Models: The Red and Yellow Books

Models describing the early parabolic roof shape and the later move to spherical geometry.

By Sydney Opera House

Early parabolic scheme, east elevation (1958/1961) by State Records of New South WalesSydney Opera House

When in 1958 the engineers at Arup and Partners requested that Utzon define the curves of the roof, he took a plastic ruler and, holding it perpendicular to a table, made it bend. Tracing the curves, he sent them to London explaining these were the shapes he wanted.

The outcome of the first exchanges between architect and engineer produced an initial sketch of the roof in which every curvature is different, a structurally unsound form with difficult bending moments near its footings.

However, this first geometrical approach to the shells was also visually beautiful in a distinctly different way to the drawings Utzon had submitted for the competition.

The ridge profiles were much higher and pointed now, and the end shell form of his competition drawings no longer cantilevered like a cliff cave over the sea.

These higher profiles also allowed far more volume for the stage towers, auditoriums and acoustics.

Red Book model, view from the Monumental Steps (1958) by State Library of New South WalesSydney Opera House

Page 13, South elevation (1958) by Jørn UtzonSydney Opera House

Utzon’s architects redrew all of the elevations of the Sydney Opera House to the new forms, and these are shown in the 1958 design documentation, known as the Red Book.

Clearly the profile of the roof had changed considerably, but it was received by the client and the public as a transformation for the better, for both logistical and aesthetic reasons.
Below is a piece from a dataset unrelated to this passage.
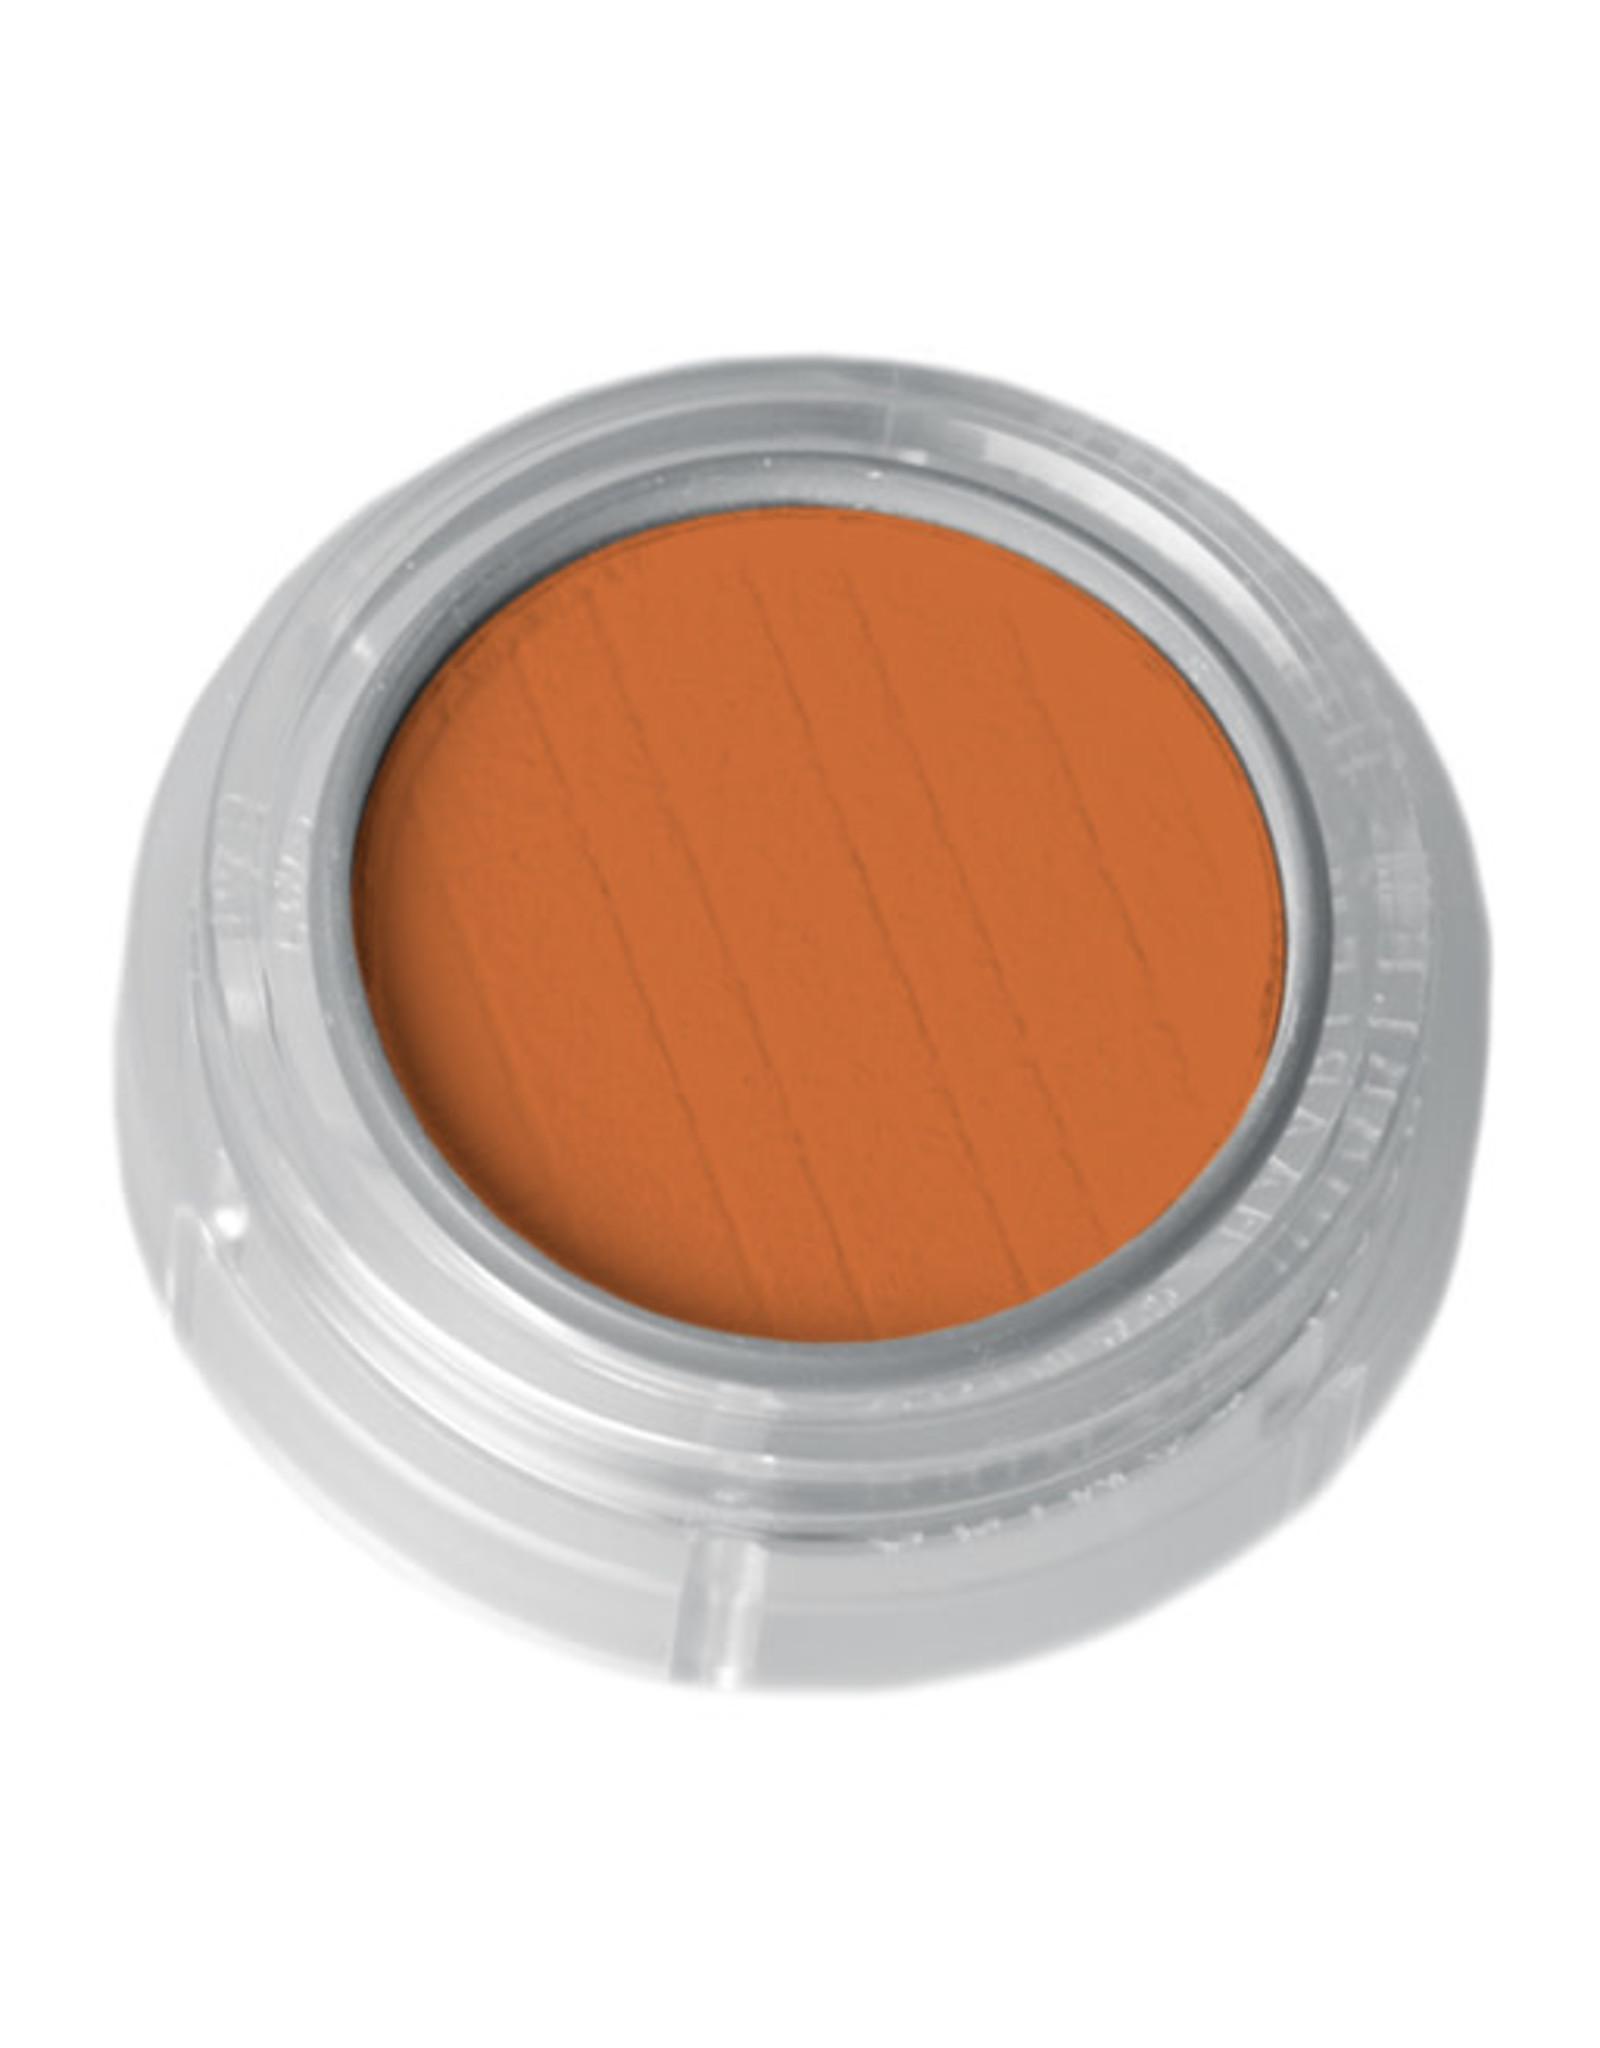 Grimas EYESHADOW/ROUGE 583 Oranje A1 (2 g)

Early parabolic scheme, southwest elevation, 1958-61 (1958/1961) by State Records of New South WalesSydney Opera House

Page 11, North elevation (1958) by Jørn UtzonSydney Opera House

Red Book model, east elevation (1958) by State Library of New South WalesSydney Opera House

Thin shell structures were the form of his original sketches and much favoured by leading architects and engineers at the time. Eero Saarinen, Felix Candela and Pier Luigi Nervi had already used concrete shell membranes in world-renowned structures.
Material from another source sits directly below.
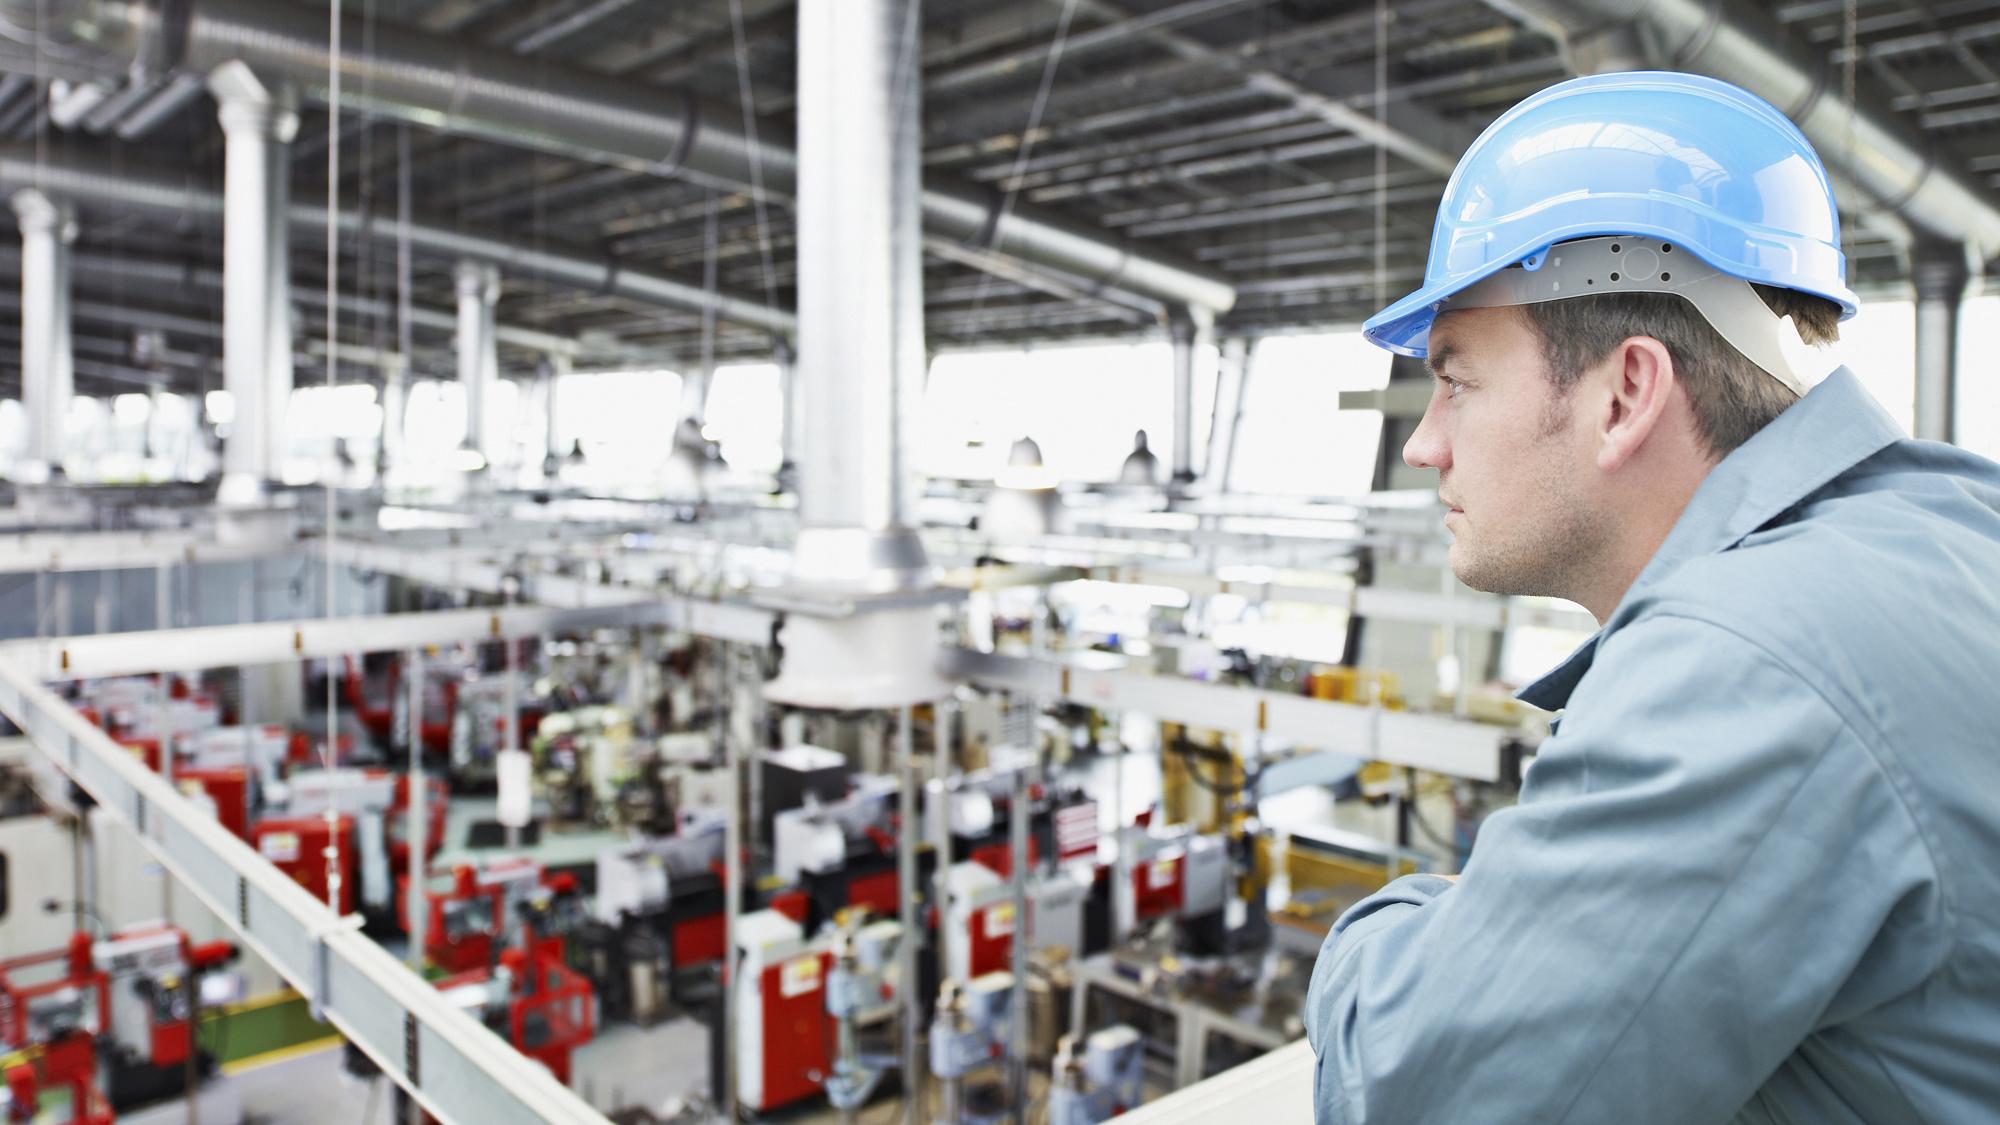 Image of worker overseeing factory work

Page 10, East elevation (1958) by Jørn UtzonSydney Opera House

Front Cover illustrating the Spherical Solution (1962) by Jørn UtzonSydney Opera House

The Yellow Book presented the "Spherical Solution" - a final design rationale for the roof of the Sydney Opera House.

The form of the shells had changed again and again, as architect and engineers struggled to find a buildable structure that captured the spirit of the design and could house the complexity of a working building.

After many failures, Utzon had a now famous epiphany that would solve what had apparently become an intractable problem.

Utzon's breakthrough was to derive each of the shells from the constant and universal form of the sphere. This one decision solved a multitude of problems. It captured the essence of the original sketch, while allowing the building blocks to be prefabricated with comparative ease.

It also raised the finished building out of a style identified with the times and gave it an ageless form.

The spherical solution underpins the roof form that we see today and is explored in more detail in "The Masterful Solution" exhibit.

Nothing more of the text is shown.